━━━━━ DATA SECTION ━━━━━
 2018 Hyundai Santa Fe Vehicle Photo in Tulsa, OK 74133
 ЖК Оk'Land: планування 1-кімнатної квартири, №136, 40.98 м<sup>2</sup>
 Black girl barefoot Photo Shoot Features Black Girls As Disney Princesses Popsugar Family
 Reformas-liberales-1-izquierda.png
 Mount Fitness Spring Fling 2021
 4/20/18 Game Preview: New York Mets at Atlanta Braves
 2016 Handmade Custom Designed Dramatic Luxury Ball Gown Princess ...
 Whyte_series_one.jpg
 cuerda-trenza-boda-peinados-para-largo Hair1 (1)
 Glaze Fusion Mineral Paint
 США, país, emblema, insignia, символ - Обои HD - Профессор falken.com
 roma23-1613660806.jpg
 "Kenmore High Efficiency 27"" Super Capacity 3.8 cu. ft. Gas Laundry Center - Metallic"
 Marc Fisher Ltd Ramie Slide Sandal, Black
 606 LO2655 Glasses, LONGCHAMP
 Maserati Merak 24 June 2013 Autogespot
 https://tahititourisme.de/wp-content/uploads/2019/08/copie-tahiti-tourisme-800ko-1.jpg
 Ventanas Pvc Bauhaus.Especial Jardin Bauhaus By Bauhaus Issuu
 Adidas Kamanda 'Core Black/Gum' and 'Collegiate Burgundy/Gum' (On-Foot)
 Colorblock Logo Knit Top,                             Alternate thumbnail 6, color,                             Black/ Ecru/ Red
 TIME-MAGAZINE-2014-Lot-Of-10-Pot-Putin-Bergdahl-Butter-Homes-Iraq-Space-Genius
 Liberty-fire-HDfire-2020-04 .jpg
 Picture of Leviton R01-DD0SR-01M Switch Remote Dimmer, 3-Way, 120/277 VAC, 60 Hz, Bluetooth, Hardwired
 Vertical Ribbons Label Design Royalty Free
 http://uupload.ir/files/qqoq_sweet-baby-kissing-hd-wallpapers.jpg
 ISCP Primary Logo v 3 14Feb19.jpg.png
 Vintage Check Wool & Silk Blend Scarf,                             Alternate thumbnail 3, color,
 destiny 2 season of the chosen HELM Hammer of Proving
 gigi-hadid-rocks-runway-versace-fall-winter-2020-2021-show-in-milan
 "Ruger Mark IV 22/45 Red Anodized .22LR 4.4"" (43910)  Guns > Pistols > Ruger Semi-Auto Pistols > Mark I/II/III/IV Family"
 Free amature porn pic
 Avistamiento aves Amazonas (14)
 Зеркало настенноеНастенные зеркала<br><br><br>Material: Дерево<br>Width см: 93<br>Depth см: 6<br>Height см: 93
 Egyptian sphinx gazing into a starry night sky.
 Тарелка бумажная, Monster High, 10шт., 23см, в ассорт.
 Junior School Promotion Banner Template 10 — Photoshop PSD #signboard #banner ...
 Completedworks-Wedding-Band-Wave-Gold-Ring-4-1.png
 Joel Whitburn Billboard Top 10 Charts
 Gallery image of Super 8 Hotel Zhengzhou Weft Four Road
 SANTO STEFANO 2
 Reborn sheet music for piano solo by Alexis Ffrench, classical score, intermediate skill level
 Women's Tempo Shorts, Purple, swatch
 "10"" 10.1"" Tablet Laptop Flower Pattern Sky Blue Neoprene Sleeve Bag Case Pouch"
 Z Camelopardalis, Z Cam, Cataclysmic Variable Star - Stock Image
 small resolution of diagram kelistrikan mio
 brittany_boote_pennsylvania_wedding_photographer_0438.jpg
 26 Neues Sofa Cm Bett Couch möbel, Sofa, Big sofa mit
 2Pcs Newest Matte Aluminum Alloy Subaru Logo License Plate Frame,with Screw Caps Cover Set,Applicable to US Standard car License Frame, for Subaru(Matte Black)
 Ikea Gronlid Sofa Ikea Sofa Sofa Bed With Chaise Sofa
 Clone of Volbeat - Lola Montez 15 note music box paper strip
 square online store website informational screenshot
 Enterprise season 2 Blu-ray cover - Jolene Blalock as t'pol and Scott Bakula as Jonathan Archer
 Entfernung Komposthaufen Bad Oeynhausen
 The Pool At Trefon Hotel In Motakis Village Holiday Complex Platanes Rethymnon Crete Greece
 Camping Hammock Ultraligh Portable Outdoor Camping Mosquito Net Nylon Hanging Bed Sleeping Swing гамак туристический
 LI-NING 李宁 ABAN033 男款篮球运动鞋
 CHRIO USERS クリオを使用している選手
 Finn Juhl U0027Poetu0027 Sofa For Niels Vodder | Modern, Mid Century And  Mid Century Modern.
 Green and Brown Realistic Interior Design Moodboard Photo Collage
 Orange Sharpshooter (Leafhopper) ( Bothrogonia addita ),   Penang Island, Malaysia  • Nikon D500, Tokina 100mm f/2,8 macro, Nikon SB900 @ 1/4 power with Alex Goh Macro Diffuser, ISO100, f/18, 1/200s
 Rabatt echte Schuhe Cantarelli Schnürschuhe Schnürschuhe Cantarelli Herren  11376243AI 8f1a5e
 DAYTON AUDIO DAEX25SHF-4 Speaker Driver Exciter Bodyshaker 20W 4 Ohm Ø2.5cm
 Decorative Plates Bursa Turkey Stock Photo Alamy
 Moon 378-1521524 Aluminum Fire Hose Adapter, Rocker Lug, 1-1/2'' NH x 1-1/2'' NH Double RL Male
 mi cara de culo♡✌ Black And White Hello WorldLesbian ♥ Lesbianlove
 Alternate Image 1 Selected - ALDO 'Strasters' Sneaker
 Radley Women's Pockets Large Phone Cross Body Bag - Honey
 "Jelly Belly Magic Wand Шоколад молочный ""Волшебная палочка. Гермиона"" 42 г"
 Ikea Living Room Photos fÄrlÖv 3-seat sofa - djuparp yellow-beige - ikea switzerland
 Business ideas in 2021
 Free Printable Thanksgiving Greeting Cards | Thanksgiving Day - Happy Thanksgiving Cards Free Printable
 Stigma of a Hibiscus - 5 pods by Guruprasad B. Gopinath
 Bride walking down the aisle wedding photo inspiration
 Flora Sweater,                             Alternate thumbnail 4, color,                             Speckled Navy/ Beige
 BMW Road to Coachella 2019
━━━━━
--- DESCRIPTION OF THE TASK ---
For this exercise, output exactly the lines above from the line with "США, país, emblema, insignia, символ" to the line with "Adidas Kamanda 'Core", counting both, and leave out the rest.

--- EXPECTED ANSWER ---
 США, país, emblema, insignia, символ - Обои HD - Профессор falken.com
 roma23-1613660806.jpg
 "Kenmore High Efficiency 27"" Super Capacity 3.8 cu. ft. Gas Laundry Center - Metallic"
 Marc Fisher Ltd Ramie Slide Sandal, Black
 606 LO2655 Glasses, LONGCHAMP
 Maserati Merak 24 June 2013 Autogespot
 https://tahititourisme.de/wp-content/uploads/2019/08/copie-tahiti-tourisme-800ko-1.jpg
 Ventanas Pvc Bauhaus.Especial Jardin Bauhaus By Bauhaus Issuu
 Adidas Kamanda 'Core Black/Gum' and 'Collegiate Burgundy/Gum' (On-Foot)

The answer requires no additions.